Выйдя из дому, он огляделся. Во дворе никого не было. Но в воздухе витало нечто необъяснимо страшное, пахнувшее смертью. Казалось, все живое вокруг — пальмы, лилии, камыши, золотые рыбки — съежилось от страха в сгущавшихся сумерках. Было удивительно тихо. Сантомассимо представил, как Кей раздевается у себя в спальне, готовясь ко сну.

Оказавшись в машине, он тут же включил рацию. Сквозь шипение и треск до него донеслись команды, которые Джим Бишоп раздавал патрульным машинам.

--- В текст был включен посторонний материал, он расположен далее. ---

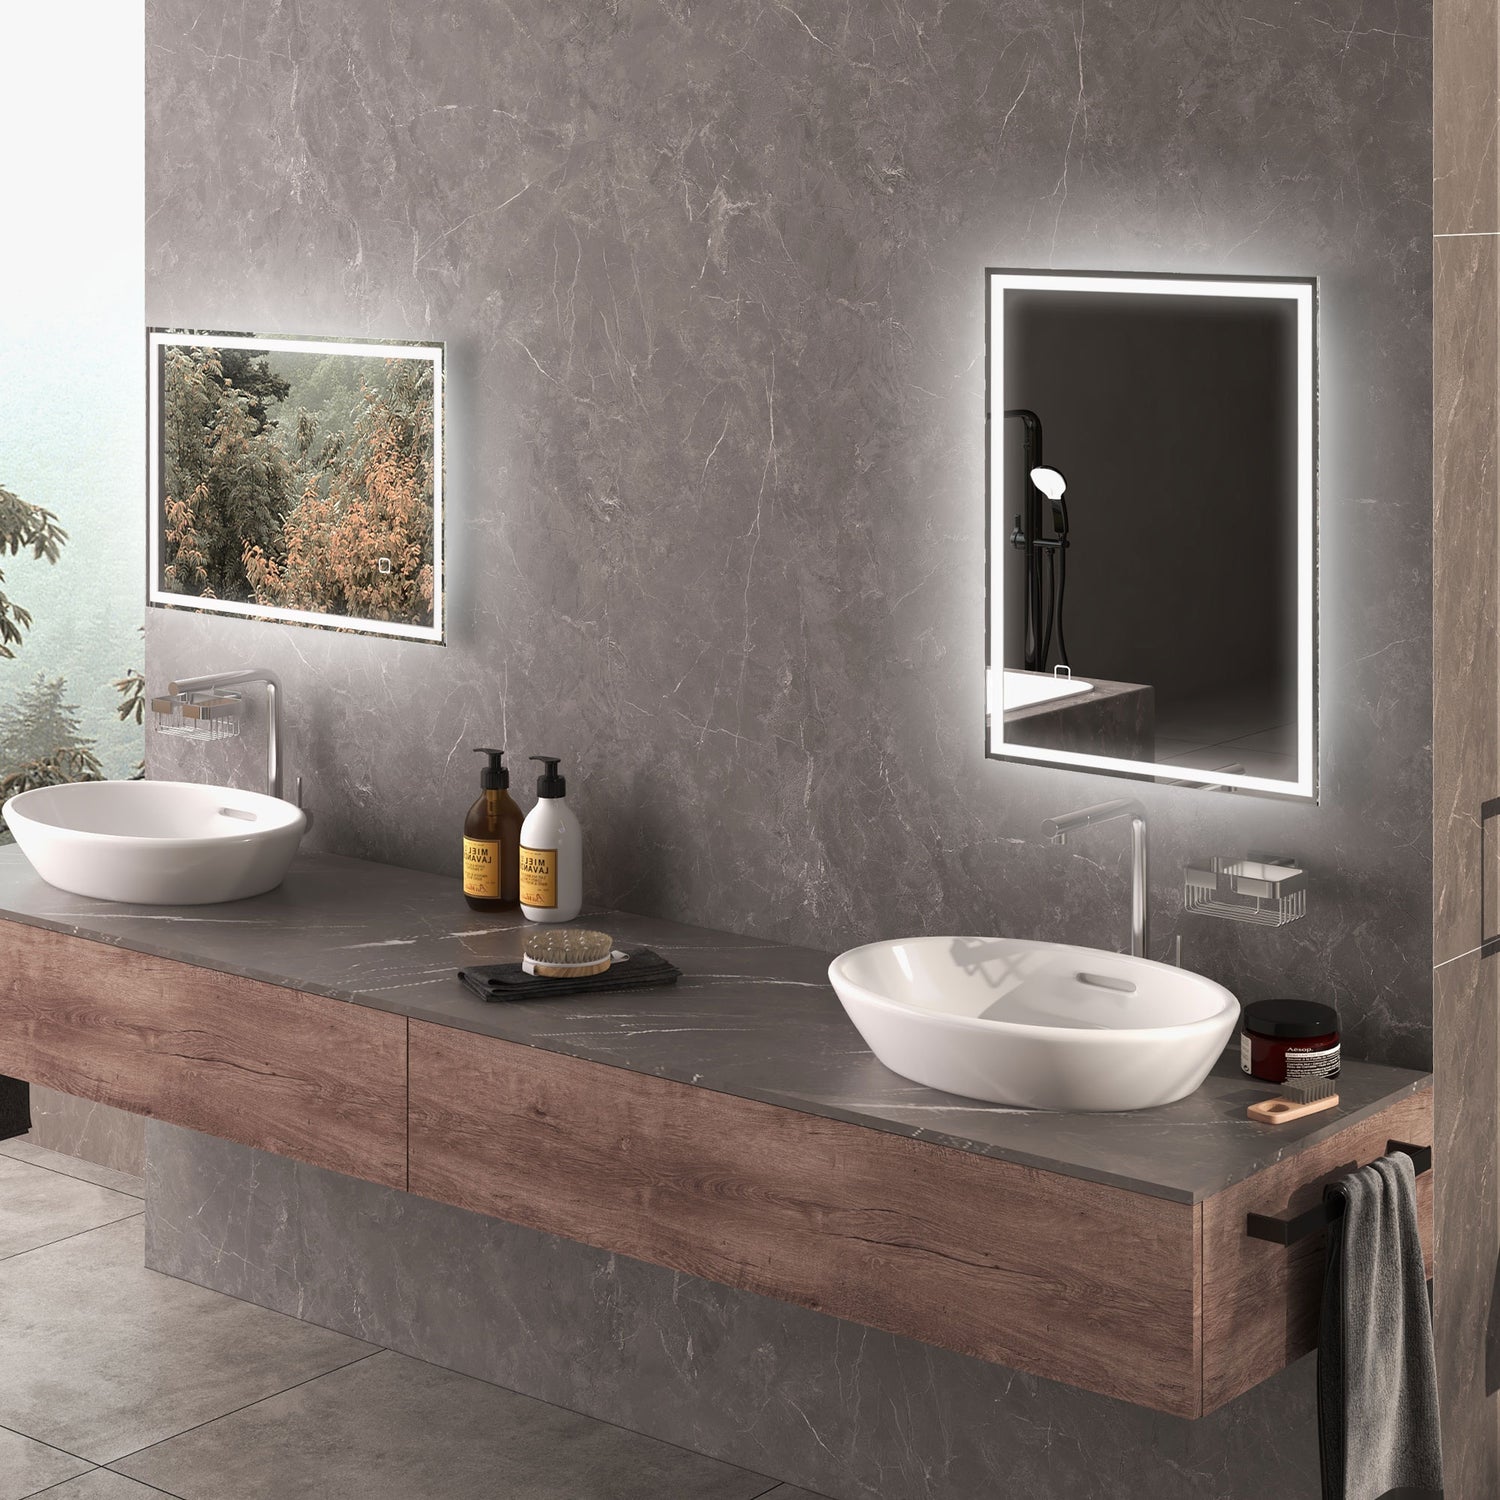 800x600mm LED Bathroom Mirror with Anti-fog Function, Touch Sensor Switch,  Cool White Lighting Vertical & Horizontal
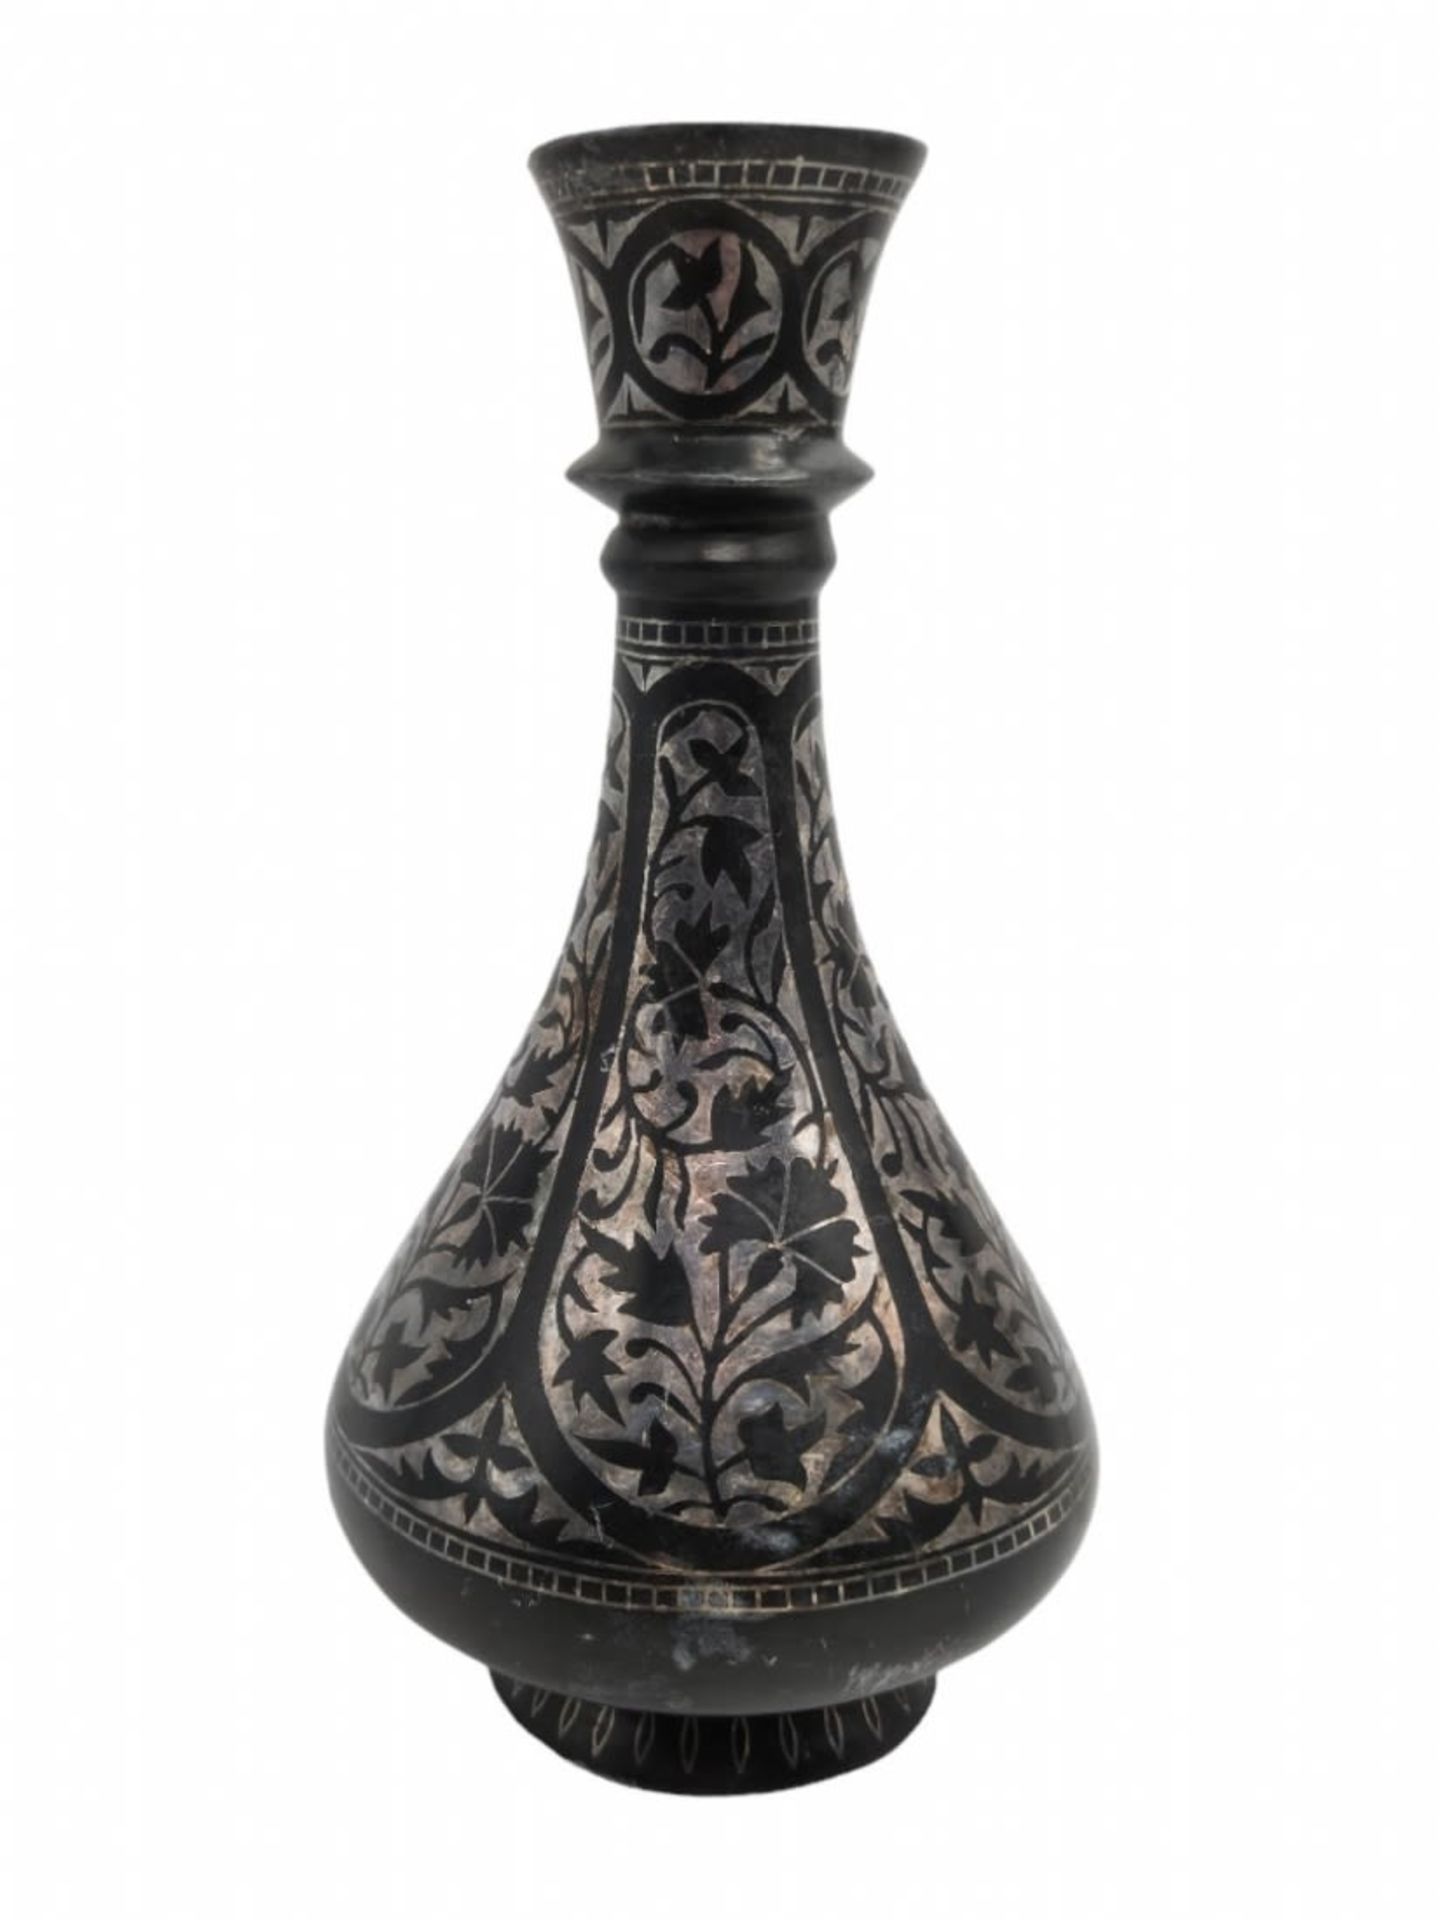 An antique Indian Bidri vase, made of metal inlaid with silver, second half of the 19th century,

— Джим, — сказал он, — это Сантомассимо.

— Да, сэр.

— Джим, необходимо обеспечить профессору Куинн полицейскую охрану.

— Сэр, у нас нет на это полномочий. Капитан Эмери никогда бы не дал…

— Позвони капитану Перри из Управления по особо важным делам, скажи, что это по делу Хичкока. Скажи, что наш эксперт нуждается в охране. Роузмонт-Драйв, 1266. Все понял?

— Капитана Эмери удар хватит.

— Шевелись, Джим!

*

Кей включила свет. Закрыв дверь, она оказалась одна в оглушительной тишине квартиры и бессильно оперлась спиной о стену. Она размышляла о неожиданном событии, случившемся в ее жизни. Этим событием был полицейский. Да еще с таким именем. Фред Сантомассимо. Амадео Сантомассимо. Он носил в своем сердце раздражение и обиду. Боялся собственных чувств. Но в то же время был способен проявить теплоту и нежность.

Мужчины, с которыми она встречалась до Сантомассимо, были слишком сложными. Жившие напряженной внутренней жизнью, стремившиеся достичь предельных высот в интеллектуальной сфере, они доверялись только наблюдениям и логическим выкладкам, подвергаясь нападкам со стороны столь же блестящих и агрессивных умов в печатных изданиях и конференц-залах.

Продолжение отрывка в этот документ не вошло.